# aba/16vt piston fly cut ..aka valve relief info??



## extremsplvr6 (Mar 26, 2003)

Anyone have pics of the stock aba piston valve clearance...Just want a idea of what side of the top of the piston etc?...ps the new search engine is bsopcorn:


----------



## Autoboost-tech (Dec 27, 2009)

I do! 

don't mind the broken piston, that's a whole different story, I mounted a strait edge across the block at around the angle of the valves to lay my drill on with a grinder bit, just so they would be fairly even from piston to piston, also come a little closer to the raised top on the front side of the piston next to the cuts, mine was a little short and left small marks, didn't damage anything! the pistons are soft enough if you don't get them perfect, it ran great since 1996


----------



## extremsplvr6 (Mar 26, 2003)

Autoboost-tech said:


> I do!
> 
> don't mind the broken piston, that's a whole different story, I mounted a strait edge across the block at around the angle of the valves to lay my drill on with a grinder bit, just so they would be fairly even from piston to piston, also come a little closer to the raised top on the front side of the piston next to the cuts, mine was a little short and left small marks, didn't damage anything! the pistons are soft enough if you don't get them perfect, it ran great since 1996


 thanks!


----------



## REPOMAN (May 3, 2001)

Here is a pic of JE's 8.5:1 16v ABA pistons


----------



## Autoboost-tech (Dec 27, 2009)

only problem with those, there to pretty to cover up


----------



## Mr Roo (Aug 8, 2006)

Did you have them coated or did you get them from JE like that.

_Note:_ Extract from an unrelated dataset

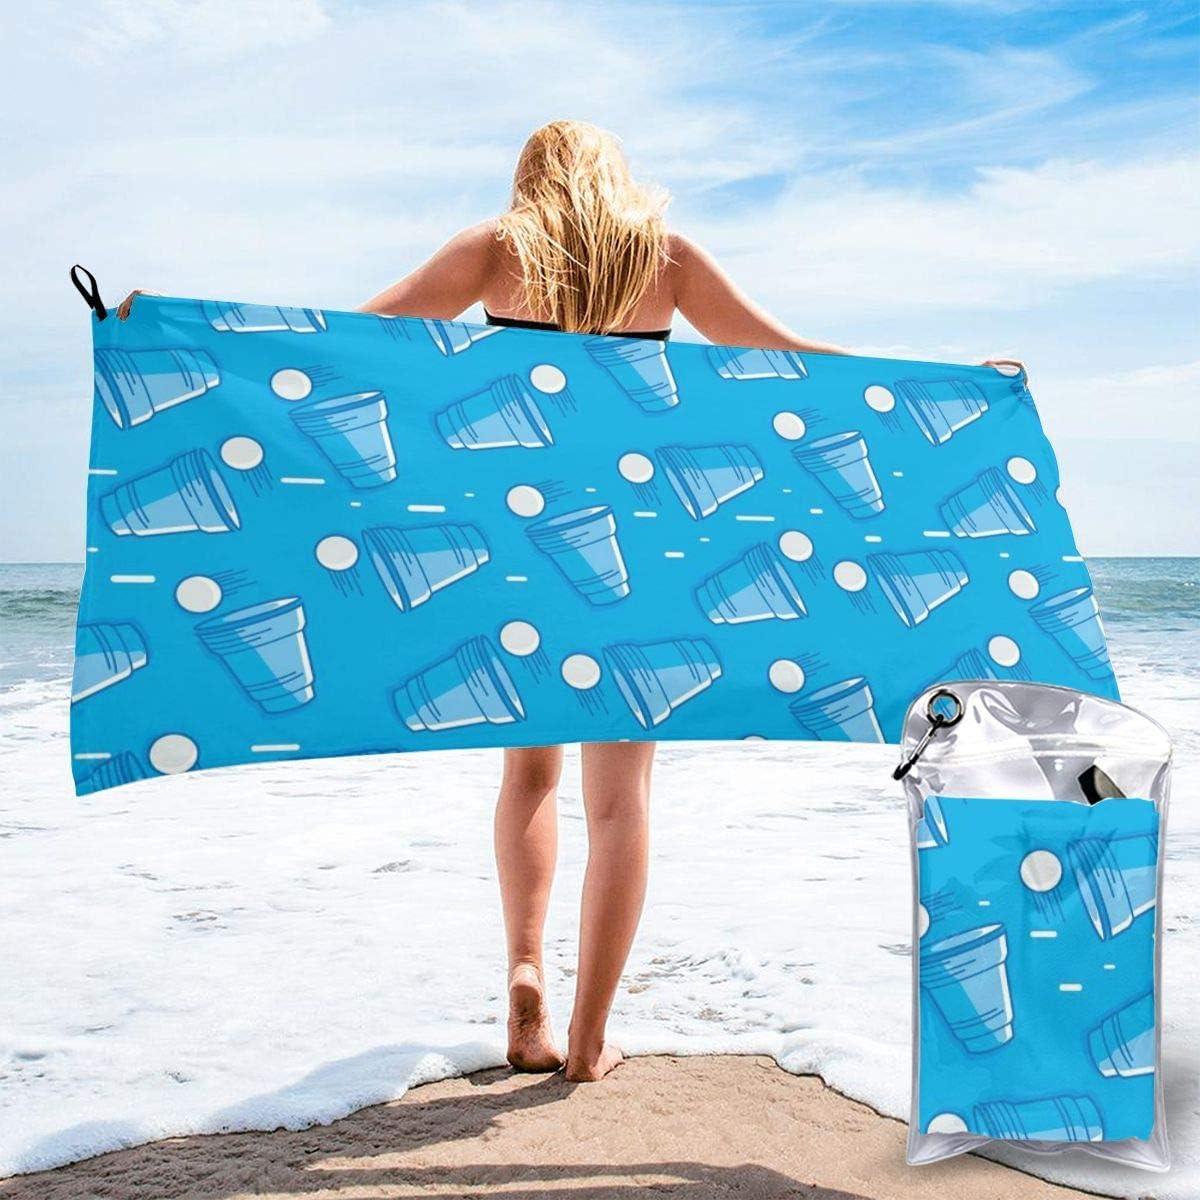 YYRR Toallas de baño de Microfibra de Viaje Grande - Nadadores Toalla súper Absorbente Ligera - Patrón de Vector de Cerveza Ping-Pong Toalla de Playa de Secado rápido para Camping, Senderismo y Uso d

I look at Swain but havent heard anyone says anything about them


----------



## REPOMAN (May 3, 2001)

Yes i bought them from www.intengineering.com
I Ordered them with the coatings done. Add $30 EA.


----------



## extremsplvr6 (Mar 26, 2003)

Found this company..http://www.lindytools.com


----------



## Autoboost-tech (Dec 27, 2009)

nice! did you get a price on the fly cutter set?


----------



## my2000APB (Jun 3, 2007)

extremsplvr6 said:


> Found this company..http://www.lindytools.com




you try this yet?


----------



## extremsplvr6 (Mar 26, 2003)

Autoboost-tech said:


> nice! did you get a price on the fly cutter set?


Ls1 guys say less than $100


----------



## extremsplvr6 (Mar 26, 2003)

my2000APB said:


> you try this yet?


Seen it used.Works great and precise:thumbup:.......They will make a custom one for ur setup.Those pictured are for bbc/sbc


----------